■ **WHAT YOU ARE ASKED TO DO**
What's needed is the listing below, repeated word for word with no pictures.

■ **MATERIAL PROVIDED**
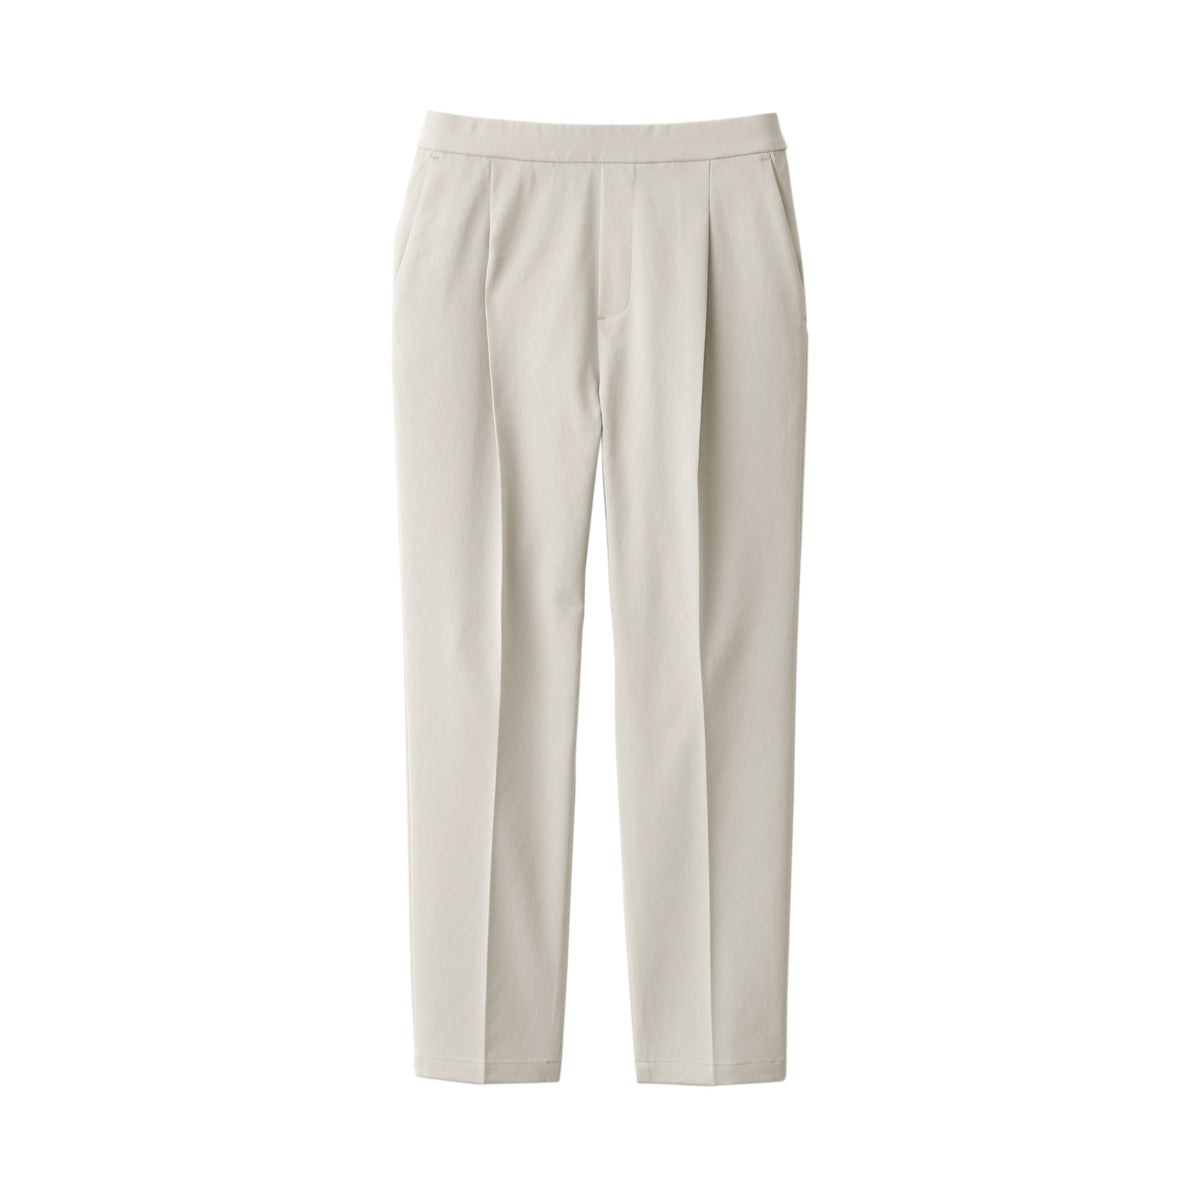 Women's Recycled Polyester Tapered Pants, Sustainable Fashion
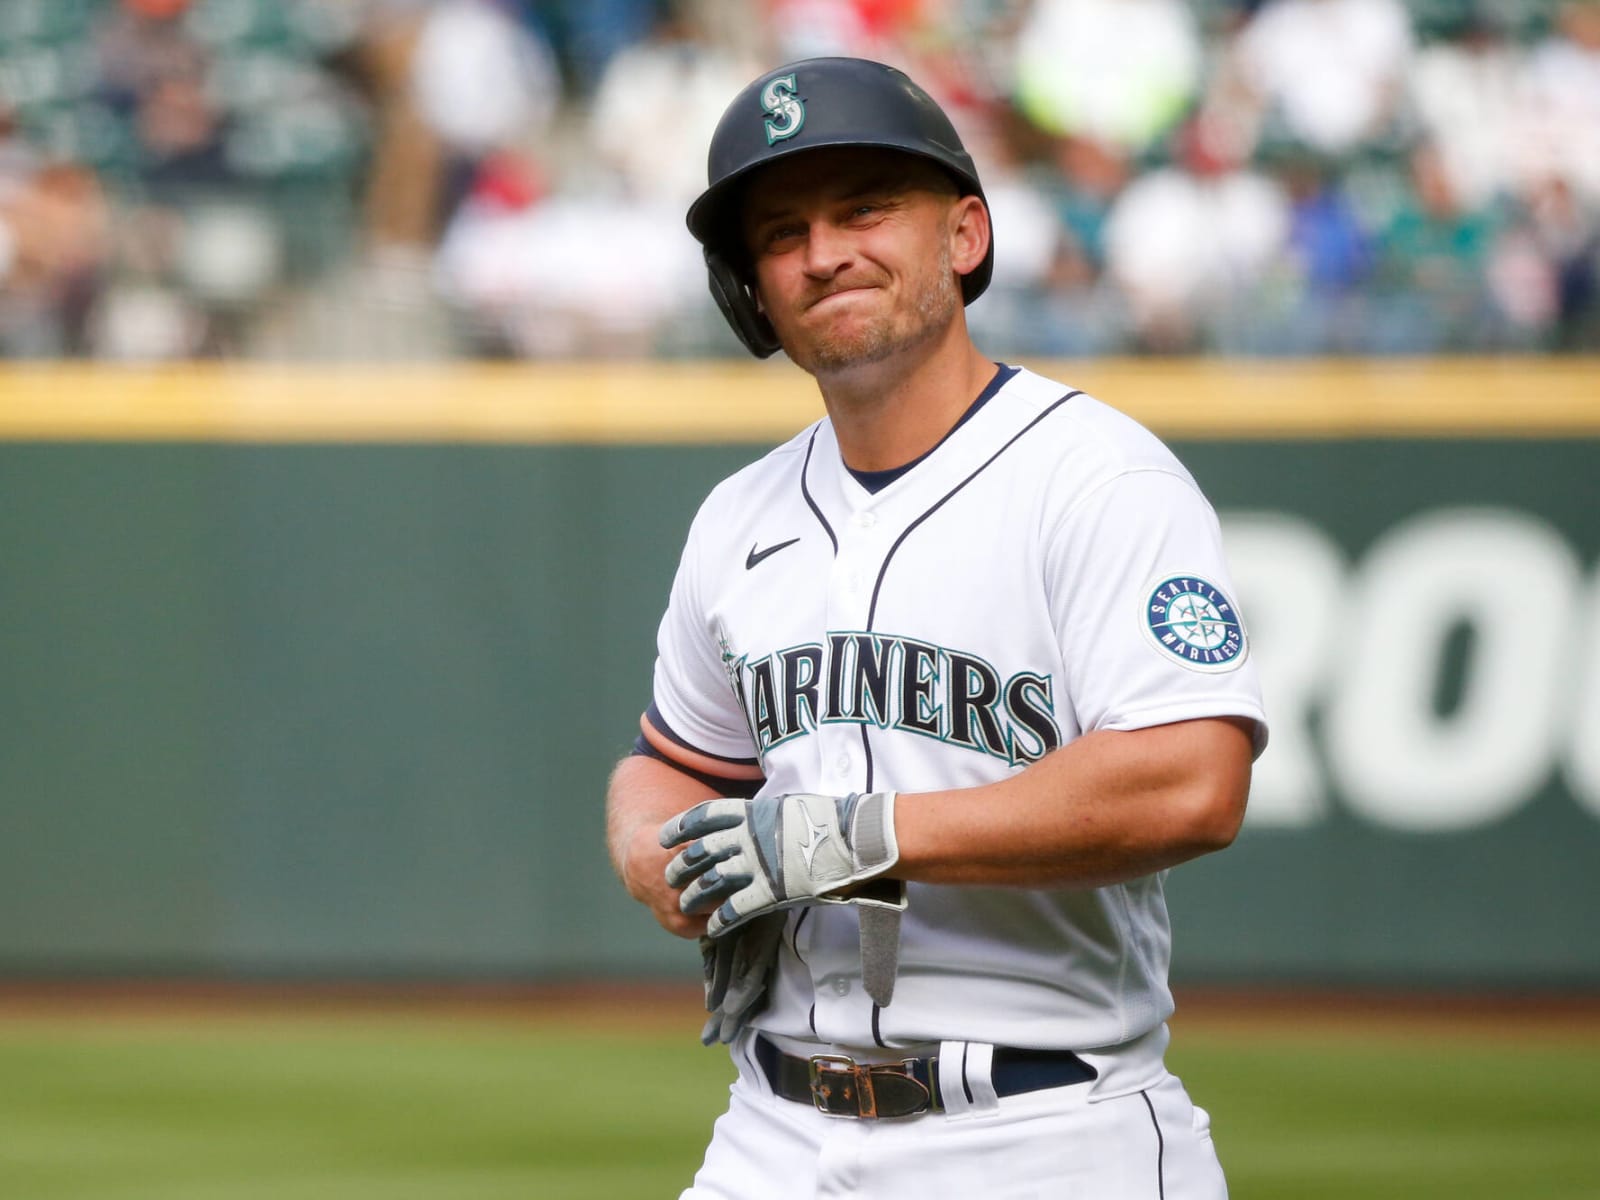 A Grip on Sports: Kyle Seager's retirement harkens back to a time
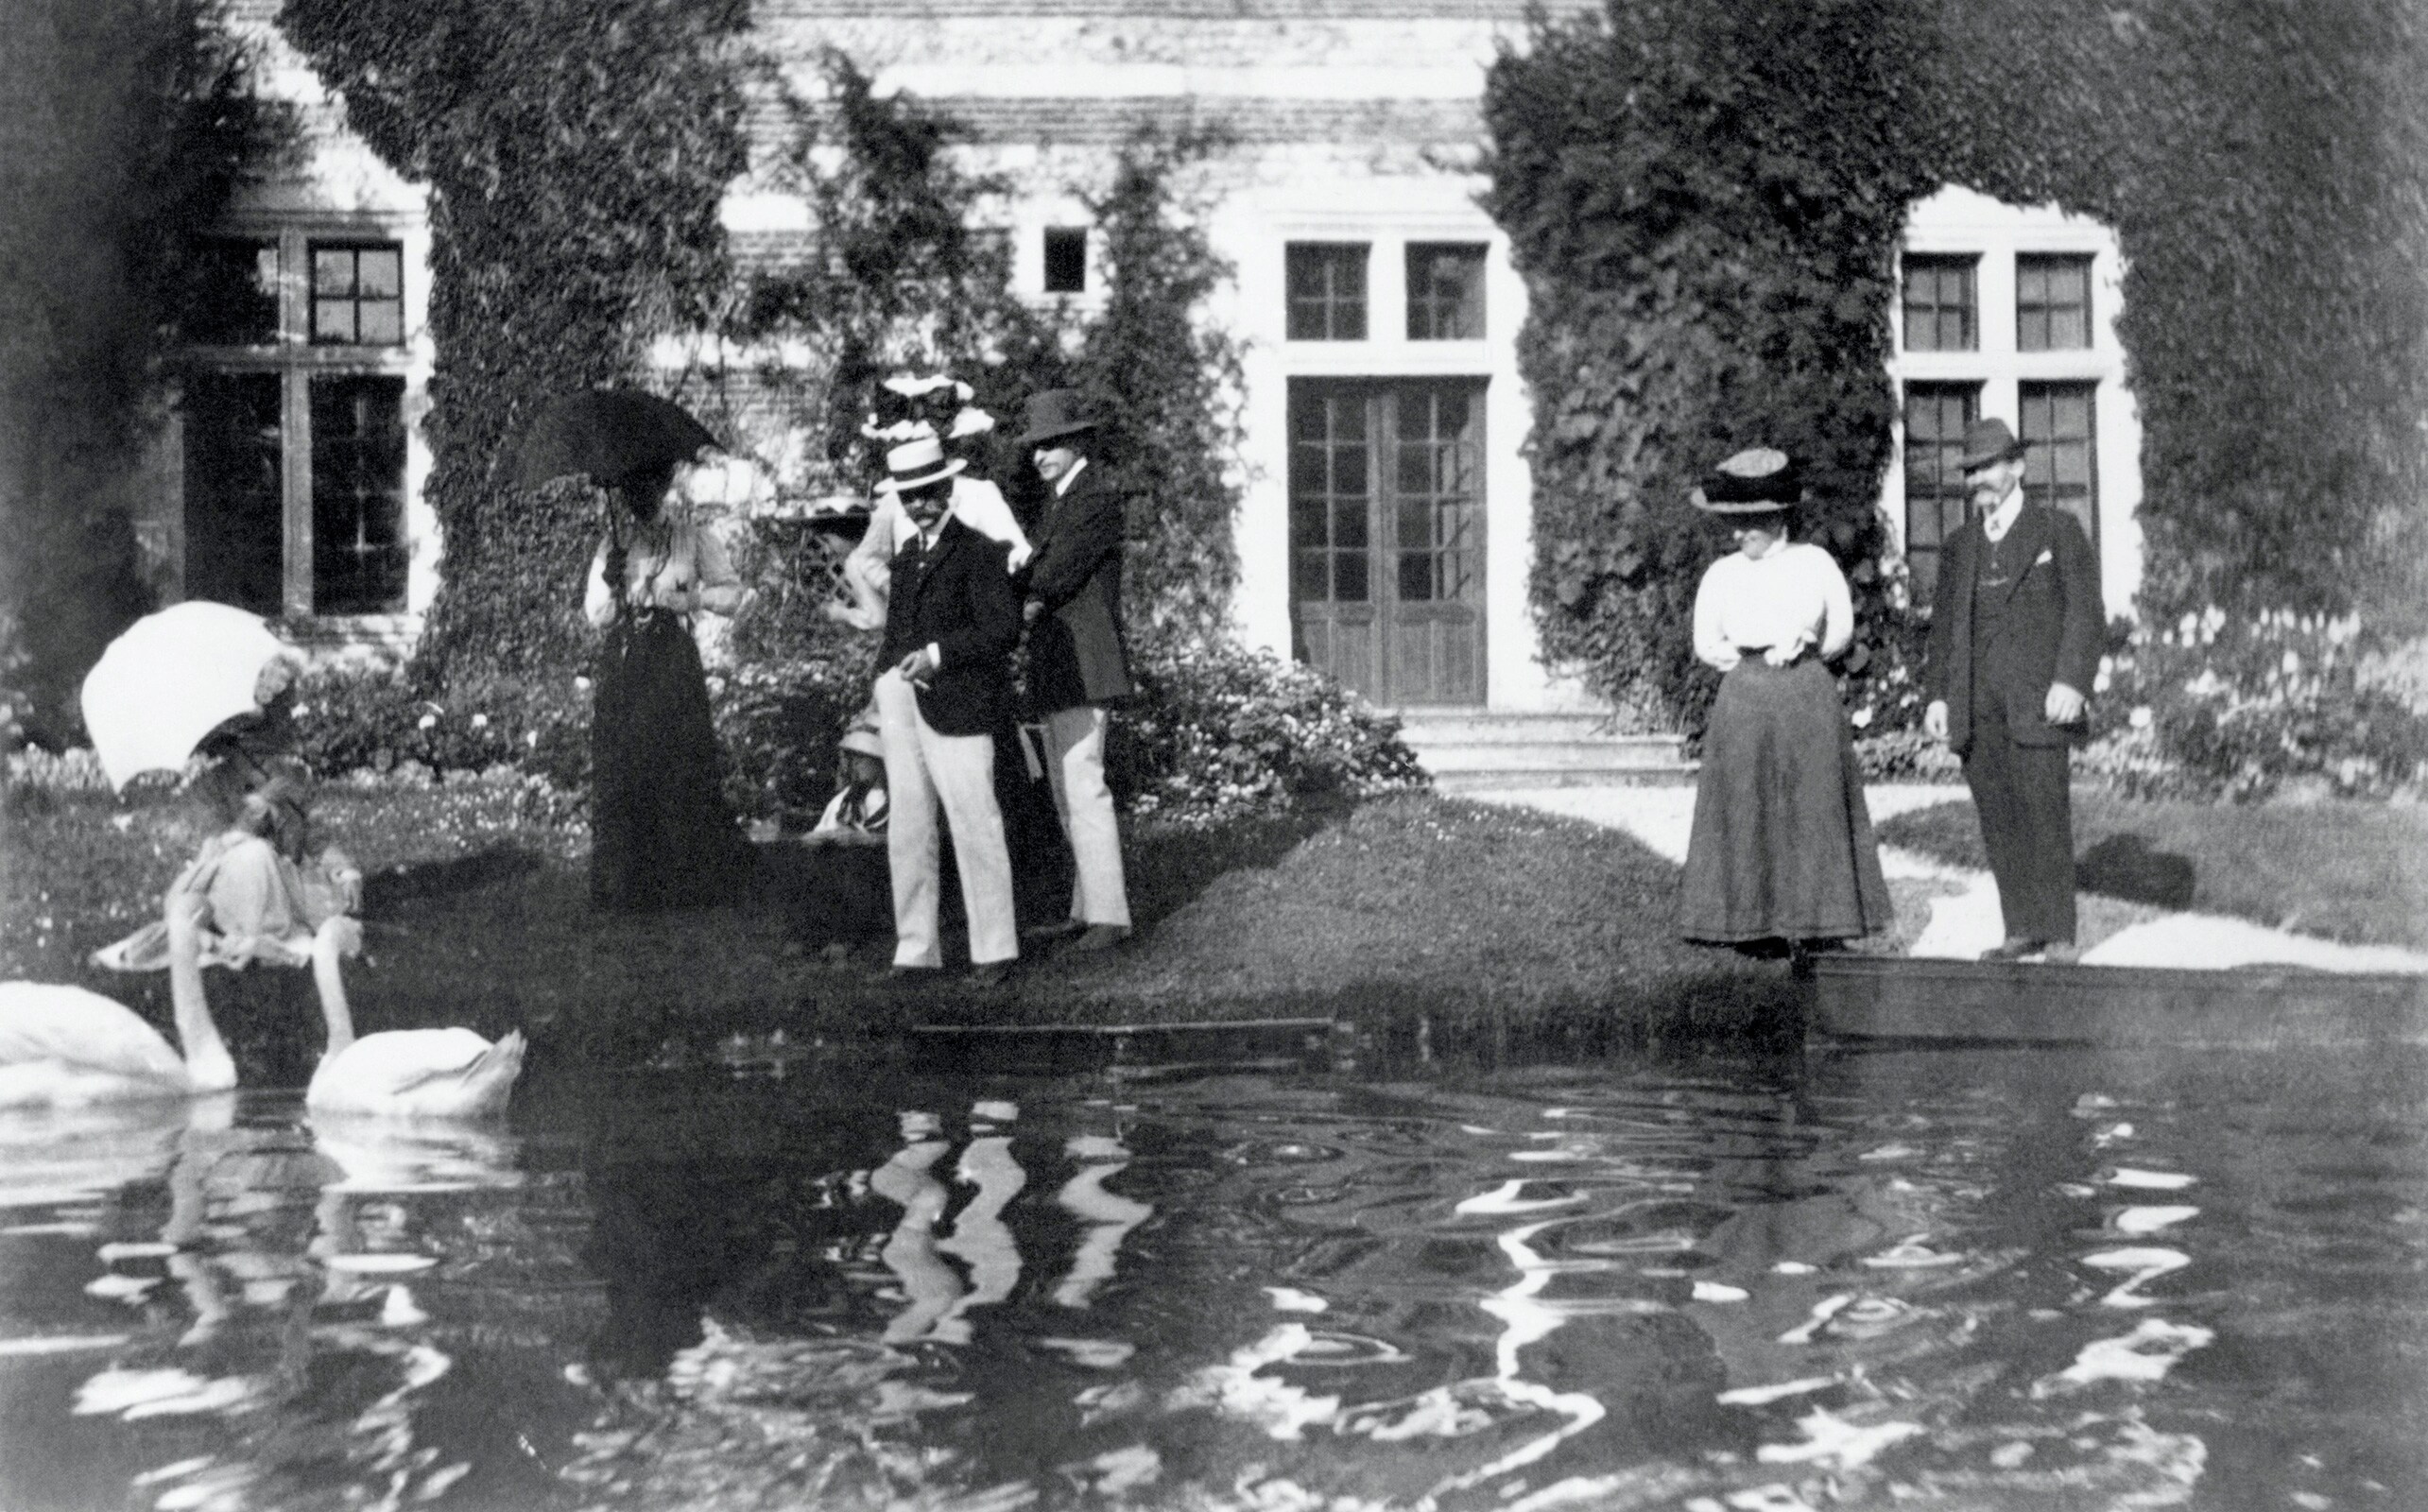 In front of the château de Mirville, Baron Pierre de COUBERTIN, his brother-in-law Gaëtan de NAVACELLE, Countess and Count Maurice de MADRE.

■ **EXERCISE RESULT**
 Women's Recycled Polyester Tapered Pants, Sustainable Fashion
 A Grip on Sports: Kyle Seager's retirement harkens back to a time
 In front of the château de Mirville, Baron Pierre de COUBERTIN, his brother-in-law Gaëtan de NAVACELLE, Countess and Count Maurice de MADRE.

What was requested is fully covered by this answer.